Llamba: Scaling Distilled Recurrent Models for Efficient Language Processing
Aviv Bick, Tobias Katsch, Nimit Sohoni, Arjun Desai, Albert Gu
TL;DR
Llamba advances efficient language modeling by distilling Transformer knowledge into subquadratic recurrent architectures (Discrete Mamba-2) using MOHAWK, achieving high throughput with far less training data (<0.1% of typical amounts). The approach preserves Llama-based architectural cues while introducing architectural distillation and on-device optimizations, enabling practical edge deployment with 4-bit quantization. Empirical results show Llamba-1B/3B/8B delivering competitive benchmark performance and superior throughput versus Transformer baselines, including strong MMLU gains relative to the teacher.
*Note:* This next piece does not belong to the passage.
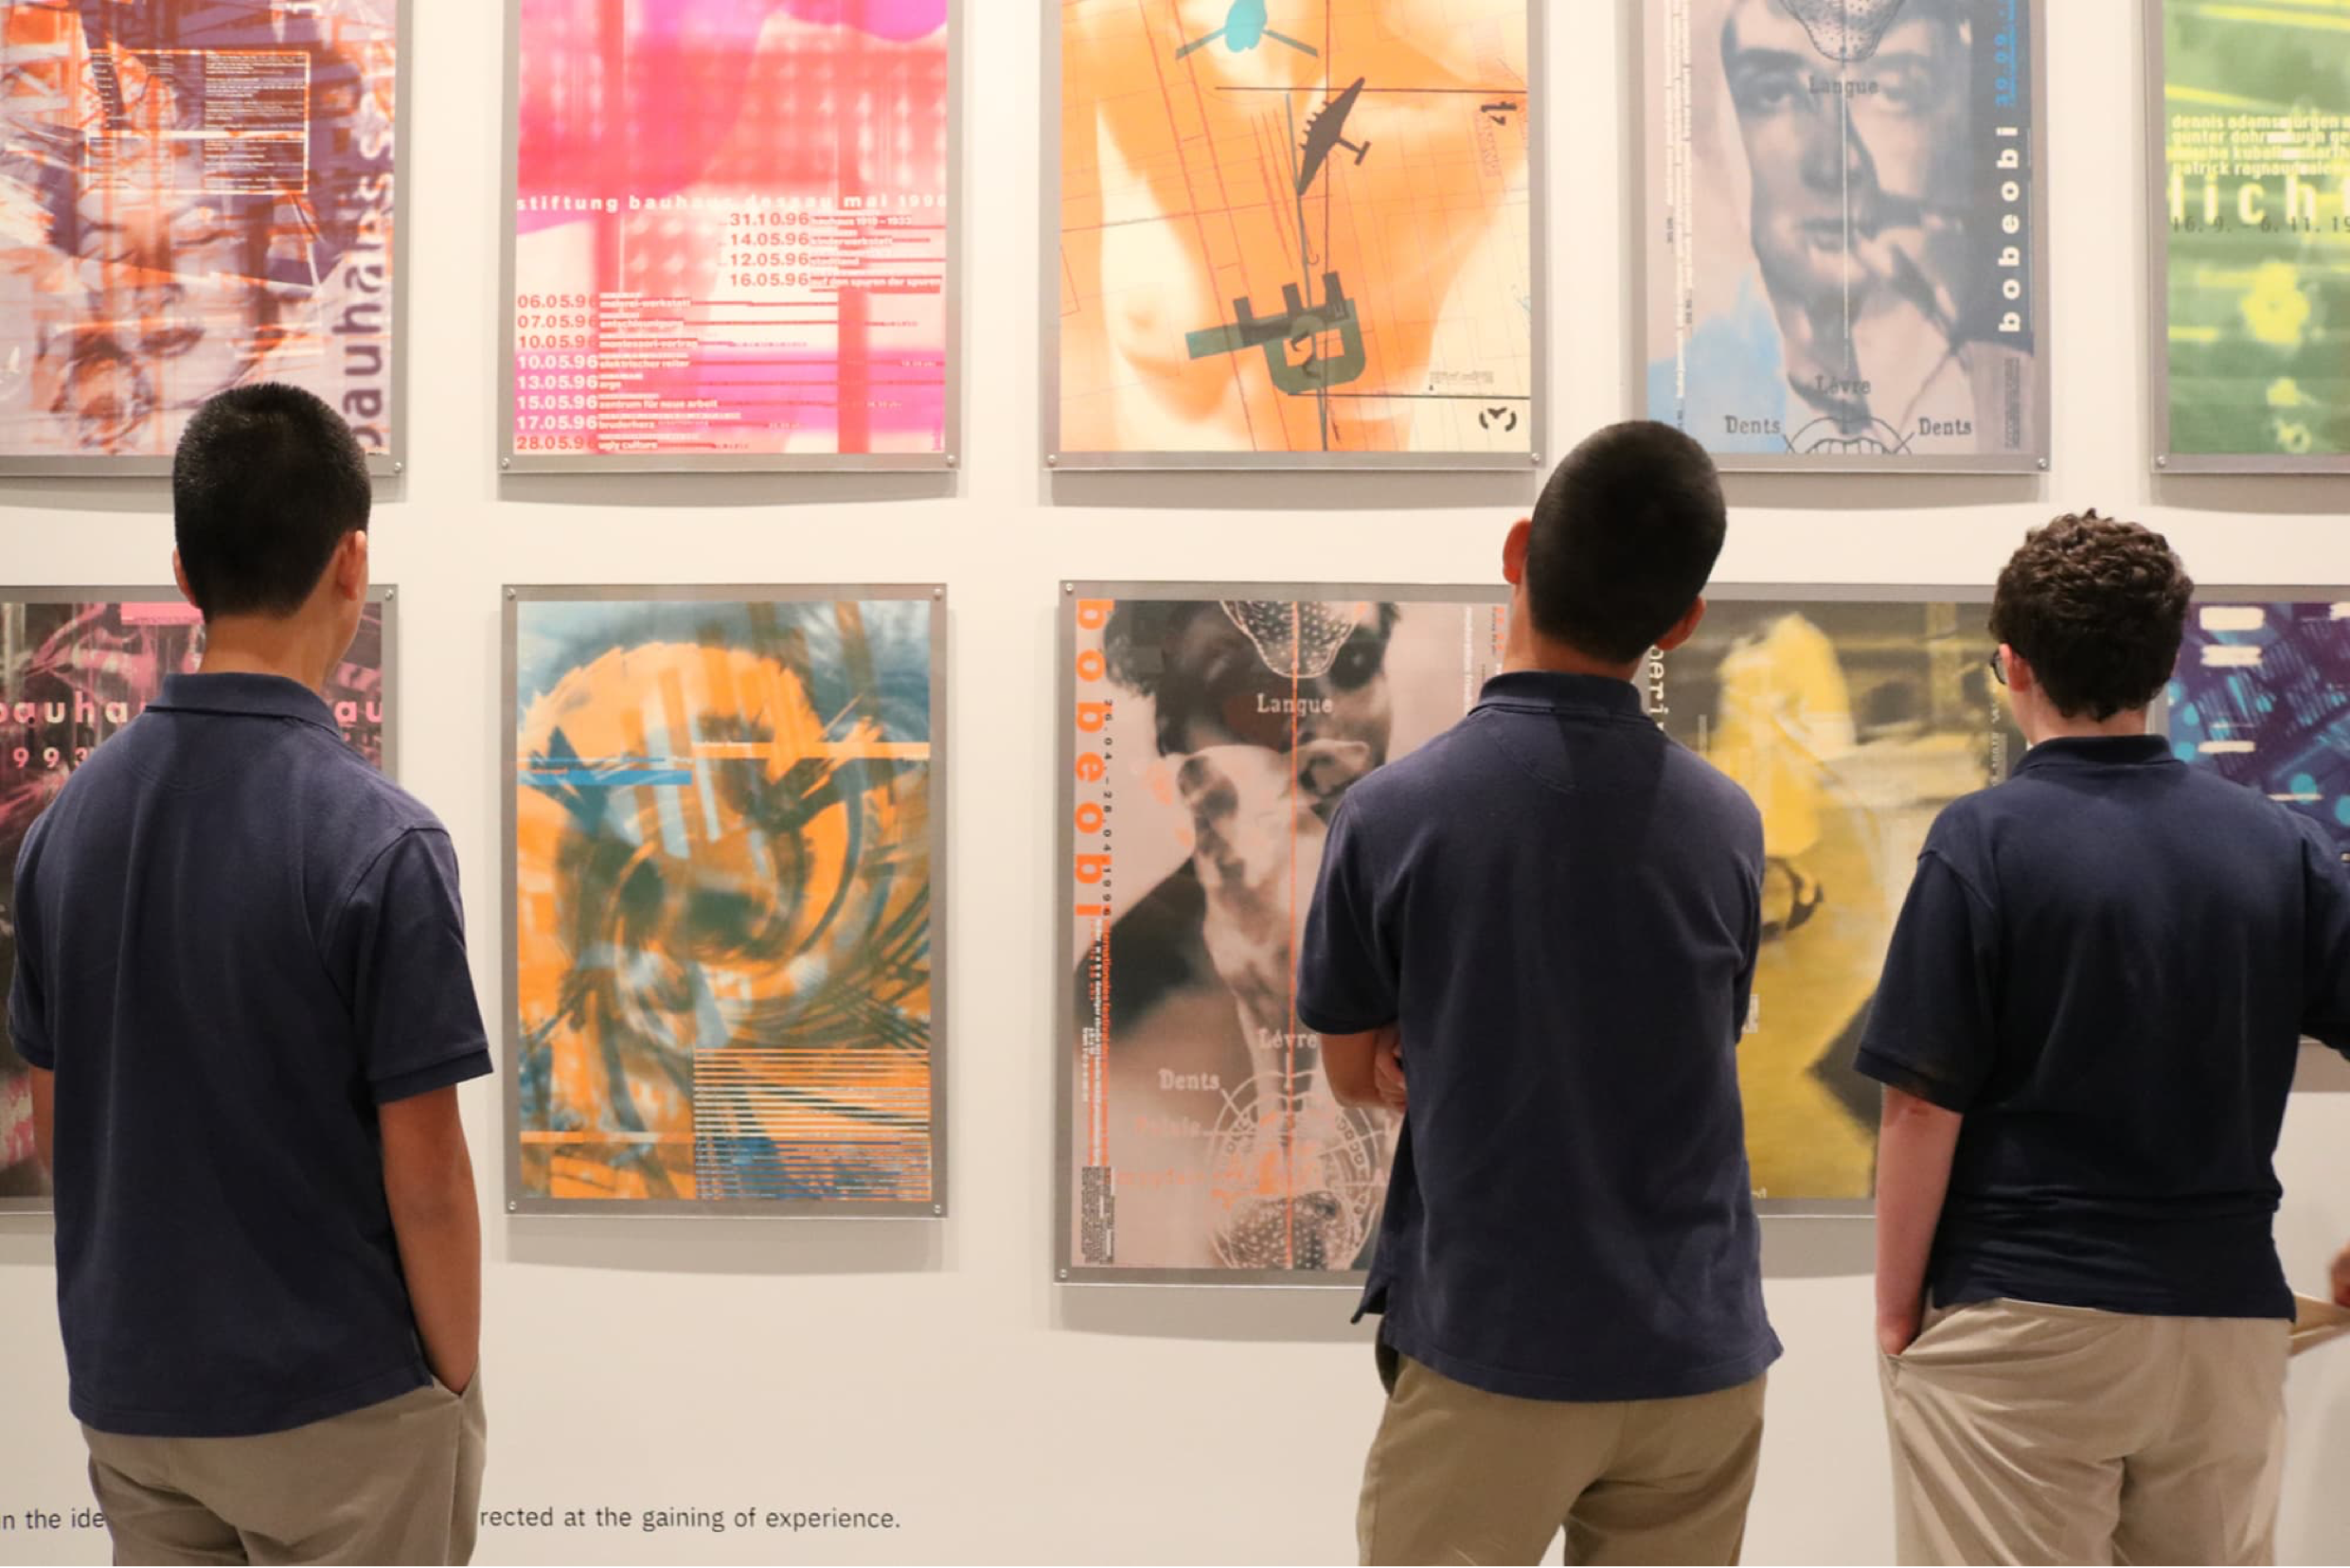 Three young people viewing ten muted toned Cyan in the 1990s exhibition framed posters on a white wall.

This work highlights a promising path for scalable, memory-efficient language models that maintain quality while enabling private, on-device processing.
Abstract
We introduce Llamba, a family of efficient recurrent language models distilled from Llama-3.x into the Mamba architecture. The series includes Llamba-1B, Llamba-3B, and Llamba-8B, which achieve higher inference throughput and handle significantly larger batch sizes than Transformer-based models while maintaining comparable benchmark performance. Furthermore, Llamba demonstrates the effectiveness of cross-architecture distillation using MOHAWK (Bick et al., 2024), achieving these results with less than 0.1% of the training data typically used for models of similar size. To take full advantage of their efficiency, we provide an optimized implementation of Llamba for resource-constrained devices such as smartphones and edge platforms, offering a practical and memory-efficient alternative to Transformers. Overall, Llamba improves the tradeoff between speed, memory efficiency, and performance, making high-quality language models more accessible.